Limitations & Future Work

  • The method depends on the quality of base models and scorers: If the base model lacks inherent diversity or the scorers are inaccurate, the selection ceiling is limited.
  • Scoring functions must be computationally efficient, as scoring the survival set at each step could otherwise offset the gains from pruning.
  • The use of commercial solvers (Gurobi) and the scalability of integer programming for extremely large \(M\) might pose deployment barriers.
  • Hyperparameters like \(\lambda\) and \(\rho\) are currently set empirically, and a systemic automated tuning scheme is missing.
  • vs Particle Guidance: Particle Guidance (1) often hurts quality, (2) is VRAM-intensive due to pairwise gradients, and (3) cannot use non-differentiable scores. Ours outperforms it on all counts.

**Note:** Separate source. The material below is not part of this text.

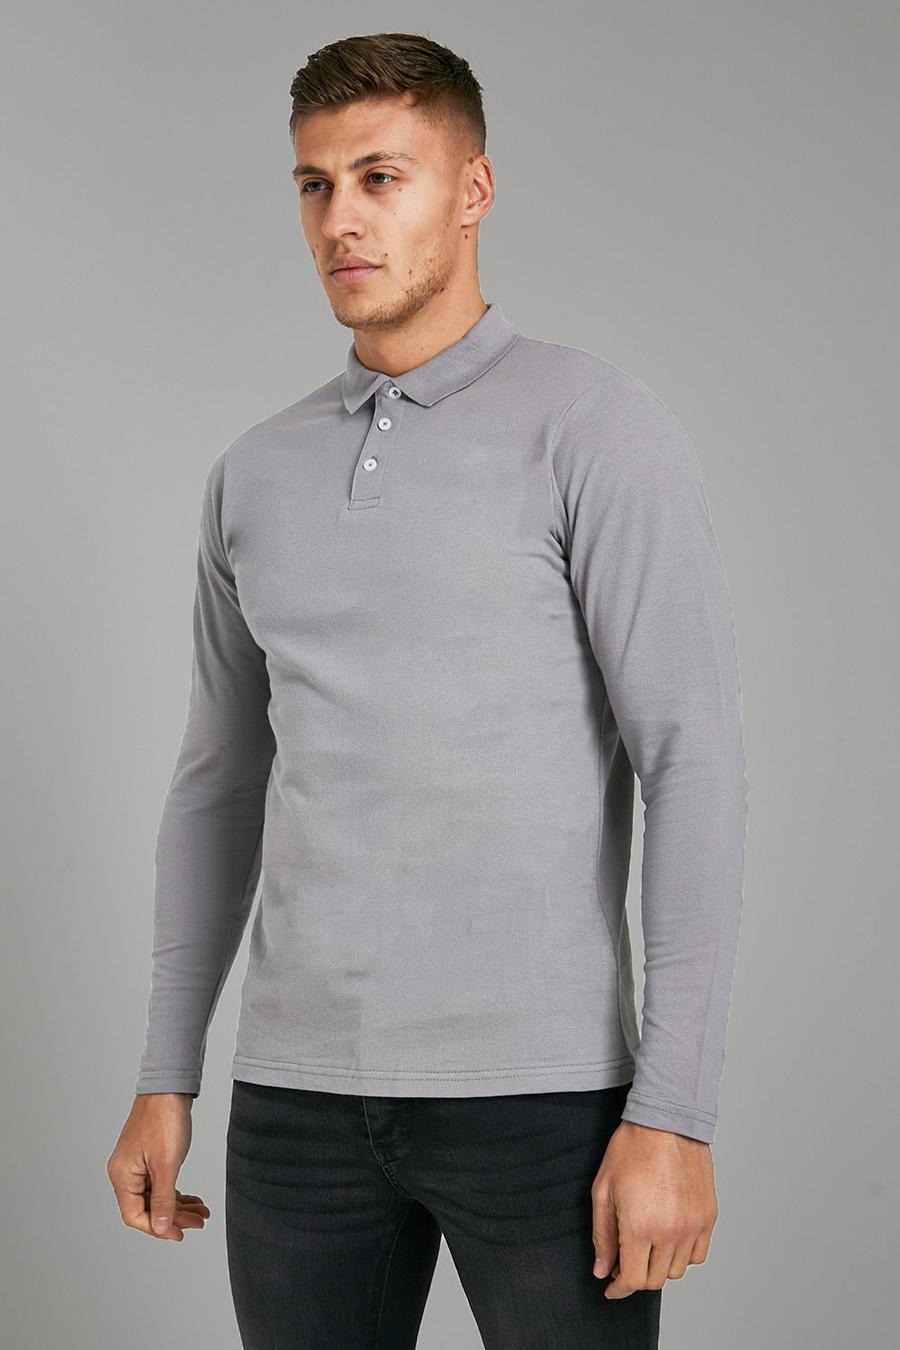 Charcoal gris Slim Fit Long Sleeve Pique Polo

  • vs CFG / Interval Guidance: These sacrifice quality or prompt faithfulness to gain diversity. Ours maintains both by staying on the original manifold.
  • vs Inference Diffusion Scaling (Ma et al.): Prior work focuses on single-image scores via independent seed searches. This framework is the first to optimize the "group objective."

Rating

  • Novelty: ⭐⭐⭐⭐⭐ Formulating multi-image generation as a joint quality-diversity QIP and enabling scalability via intermediate prediction pruning is highly original.

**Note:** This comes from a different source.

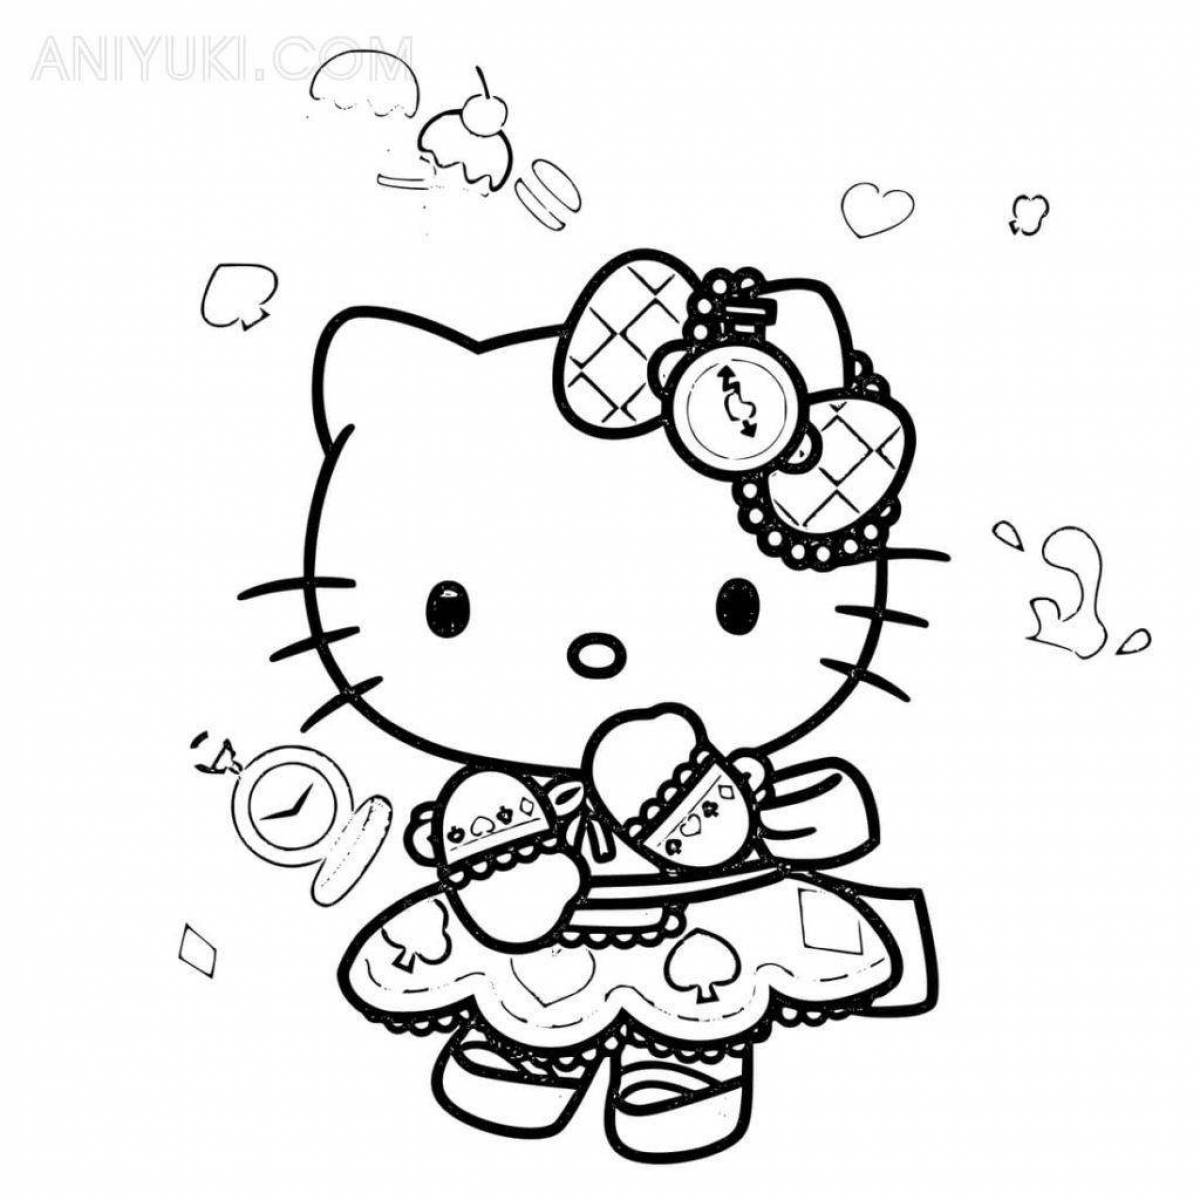 Exquisite hello kitty money coloring book

  • Experimental Thoroughness: ⭐⭐⭐⭐⭐ Comprehensive coverage across three tasks, five models, Pareto frontiers, and user studies.
  • Writing Quality: ⭐⭐⭐⭐⭐ Clear motivation with solid complexity analysis and empirical evidence.
  • Value: ⭐⭐⭐⭐⭐ Directly addresses a real pain point in image generation products with a training-free, plug-and-play solution.